В канун святой ночи Аль-Кадр[115], в которую с неба был ниспослан Пророку Коран, объявился в серале бродячий дервиш[116]. Его седые волосы были так длинны, что ниспадали до стоп, никогда не стриженные ногти походили на когти орла, а поступь – на причудливый танец.
Дервиш не назвал своего имени, а на расспросы челяди отвечал только:
– Имею сообщение для султана!
В конце концов его допустили к падишаху.
Едва вступив в приемный зал, дервиш приложил руку к сердцу и ко лбу, а затем произнес:
– Было мне откровение: если одна из жен падишаха родит сына в годовщину взятия Стамбула, в день, что возвращается ежегодно[117], сын этот будет иметь совсем иное значение, чем все другие дети султанской крови с тех пор, как правит султанский род Османов!..
– Доброе или злое? – спросил, встревожившись, Сулейман.
– Это известно только Аллаху и пророку его Мухаммаду!
Не ожидая благодарности, дервиш приложил руку к челу и сердцу и вышел. А проходя танцующей походкой галереями, переходами и дворами дворца, оглашал во всеуслышание свое откровение:
– Если одна из жен падишаха родит дитя в годовщину взятия Стамбула, в день, что возвращается ежегодно, сын этот будет иметь иное значение, чем все прочие дети султанской крови с тех времен, как правит султанский род Османов!..
Эти слова потрясли султанский сераль и снова привлекли всеобщее внимание к Роксолане Хуррем. Ибо только ее могли они касаться. Ведь всем было известно, что со времени своей свадьбы падишах Османов ни разу не посещал покоев какой-либо другой женщины.
С невообразимым напряжением ждали наступления предсказанного дня. А когда исполнился срок, родовые схватки сотрясли лоно Роксоланы и она произвела на свет сына в величайший день Османской державы.
Едва придя в себя от родовых мук, Султанша потребовала воды. А когда это было исполнено, велела всем невольницам покинуть опочивальню.
Долго всматривалась она в свое первое дитя. Рассудок ее, истерзанный болью, был словно в горячке. Пыталась что-то припомнить, но не могла. Наконец ее бледное лицо порозовело, уста приоткрылись и прошептали: «Призри ныне, Господи Боже, на тварь Твою и благослови, и освяти воду сию, и даждь ей благодать избавления и благословение Иорданово…»
Оглянулась по сторонам: не следит ли кто, и снова устремила взгляд на ребенка.
От великой усталости не сумела припомнить последних слов святой молитвы, котоую не раз слышала из уст отца, – молитвы, с которой вводят младенца в христианскую семью.
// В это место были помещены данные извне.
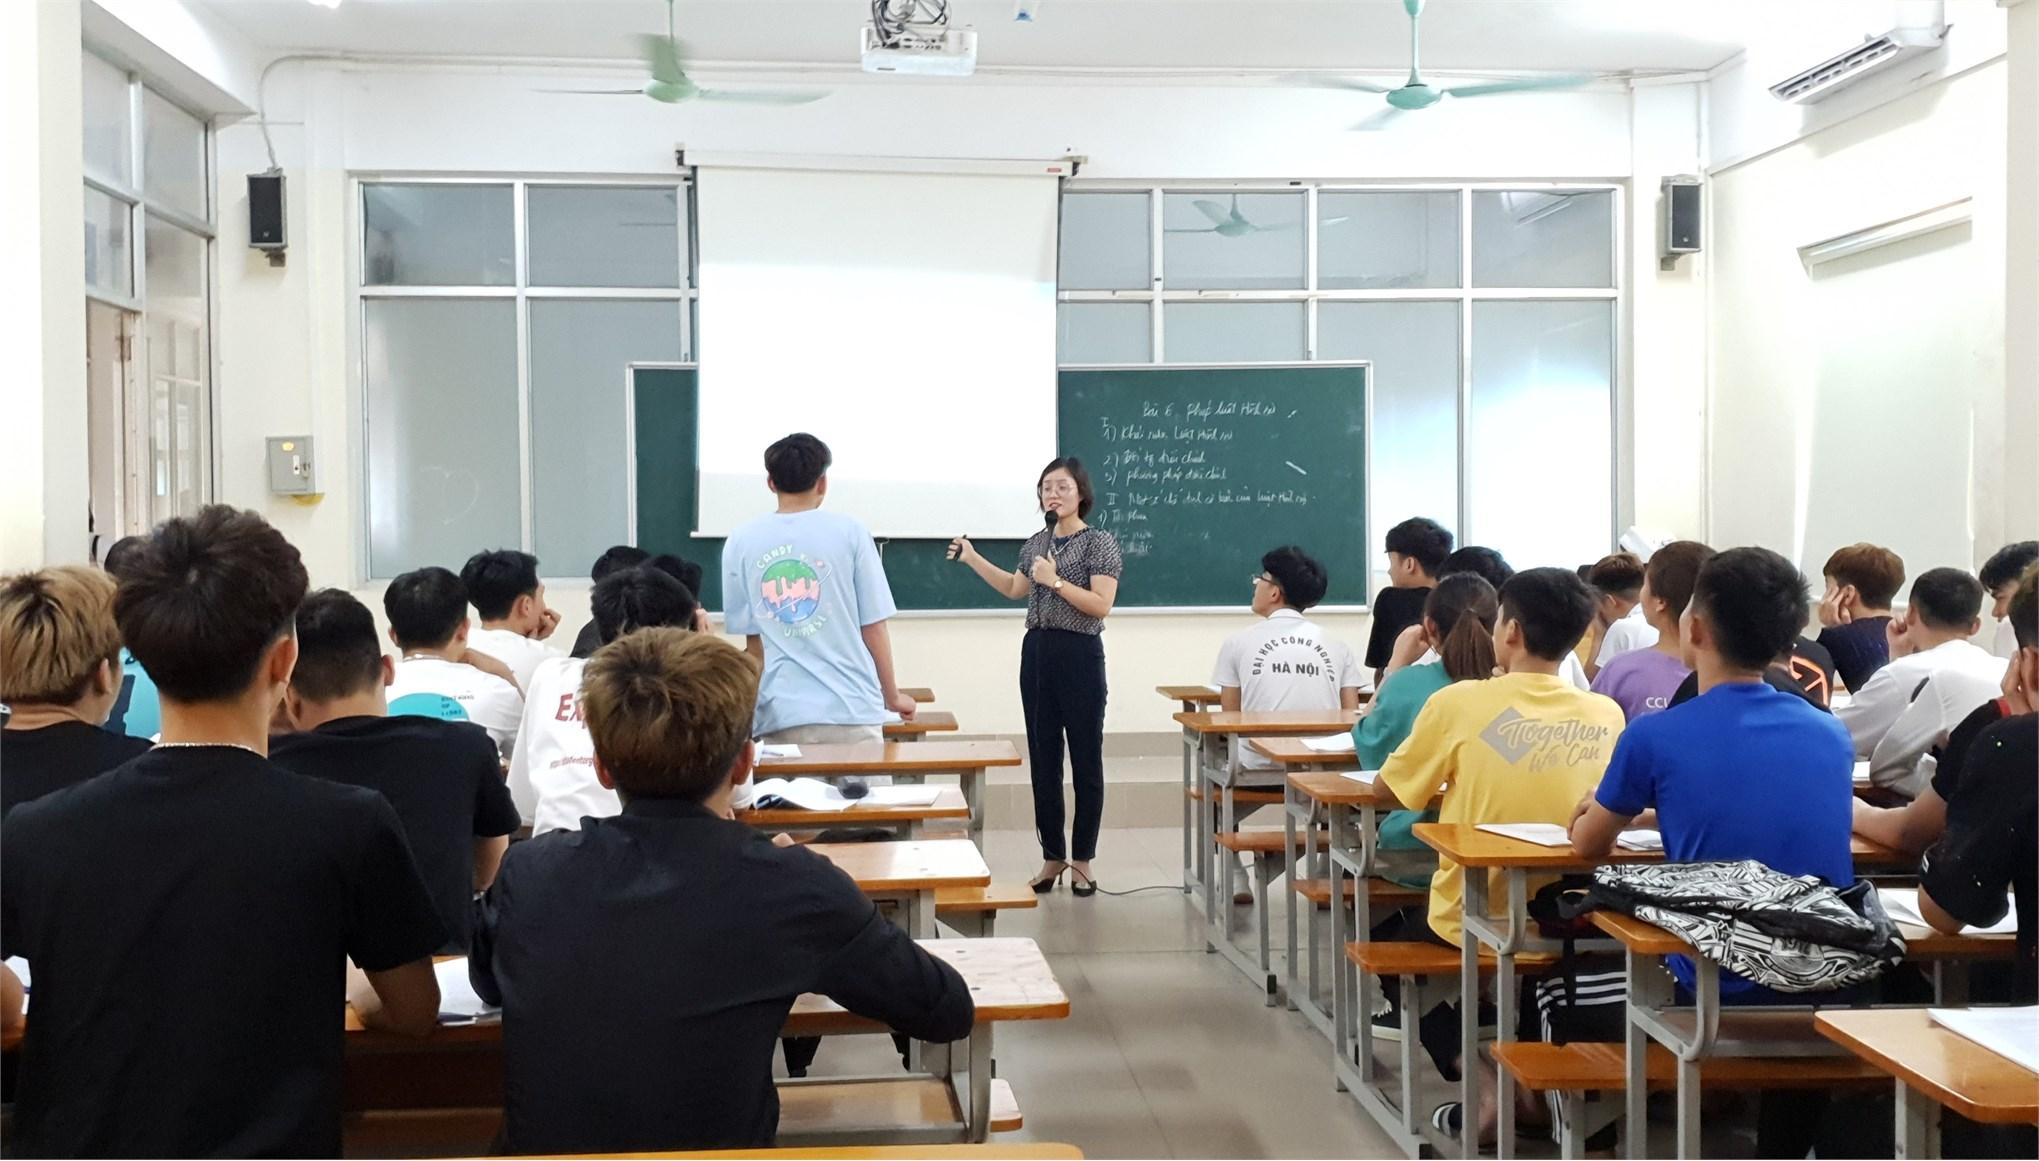 Hội thi giảng viên giỏi nghiệp vụ sư phạm cấp bộ môn Khoa Lý luận Chính trị - Pháp luật năm học 2020 - 2021

Знала только, что дальше говорится про воду как источник нетления, неприступный для темных сил. Отдыхала душой от этих слов, всплывающих из забвения в ее сознании, как некогда отдыхала на зеленых ветвях оливы голубица, посланная Ноем из ковчега во время потопа. Наконец, быстрым движением зачерпнула воды и, облив сына, первенца своего, тихо промолвила:
– Крещается раб Божий Степан во имя Отца, и Сына, и Святаго Духа. Аминь…
Перед глазами султанши в эту минуту стоял первый ее возлюбленный – Степан. И его именем окрестила Роксолана сына своего из султанского рода Османов, трижды сотворив над младенцем знамение святого креста.
Вздохнула с таким облегчением, будто свершила тяжкий труд. И почудилось на миг, что от этого вздоха слегка заколыхалась завеса у дверей. В изнеможении откинулась на шелковые подушки, бледная, но довольная собой.
Припомнилось, какой душевный покой и многотерпение давала ей эта вера даже тогда, когда еще была она невольницей. И какая тревога в ее душе теперь, когда у нее есть все, чего только душа и тело пожелают. Знала Настуся, что утратила сокровище, с каким не сравнится ни одно из земных сокровищ. И стремилась хотя бы для сына сохранить его частицу, ввести его туда, куда ей самой уже не было ходу.
Поначалу этот поступок казался ей чем-то совершенно обычным и естественным, чем-то таким, что ей надлежало отдать, а сыну – принять как наследие. Но спустя короткое время вдруг пронзила ее ослепительная мысль: а ведь в этих палатах, в этом дворце еще никогда не бывало крещеного сына исламских владык!
Страх перед мужем охватил ее. Сначала едва ощутимый, он становился все сильнее. И не только перед мужем, но и перед тем чуждым окружением, в котором она оказалась. Однако наряду со страхом она испытывала странное удовольствие от того, что теперь у нее есть тайна и эта тайна мысленно связывает ее с сыном. О, теперь она уже никогда не будет в одиночестве в этом дворце! У нее есть сын, ее сын!
Помимо инстинктивной привязанности к плоду лона своего, проснулась в ней отвлеченная, высокая, почти сверхъестественная любовь к этому ребенку и окутала новорожденного, как золотистый янтарь обволакивает крохотную мошку.
Уже в лихорадочном полусне слышала, как в покои вошел падишах, как тихо приблизился к ее ложу, как присел рядом и нежно обратился к ней. Она держала его за руку и тоже что-то говорила. Кажется, что-то о сыне и о том, что праздник его обрезания должен быть очень пышным и на нем должен обязательно присутствовать сильный властитель из числа ее бывших единоверцев…
Султан ласково улыбался и успокаивал ее, обещая пригласить самого могущественного из соседей своей державы.
Сулейман сдержал слово.
Помимо обычных приглашений, рассылаемых с гонцами наместникам провинций и самым влиятельным вельможам, на этот раз приглашение было отправлено также великому венецианскому дожу Андреа Гритти. Турецкий посол, одетый в раззолоченные придворные одежды и сопровождаемый двенадцатью членами Большого совета, возвестил на заседании венецианского сената о близком празднестве обрезания первенца Роксоланы и просил дожа прибыть в Стамбул в качестве гостя. Престарелый дож, ссылаясь на здоровье и преклонные годы, отказался принять личное приглашение, однако пообещал отправить в османскую столицу почетное посольство, возглавляемое его старшим сыном[118].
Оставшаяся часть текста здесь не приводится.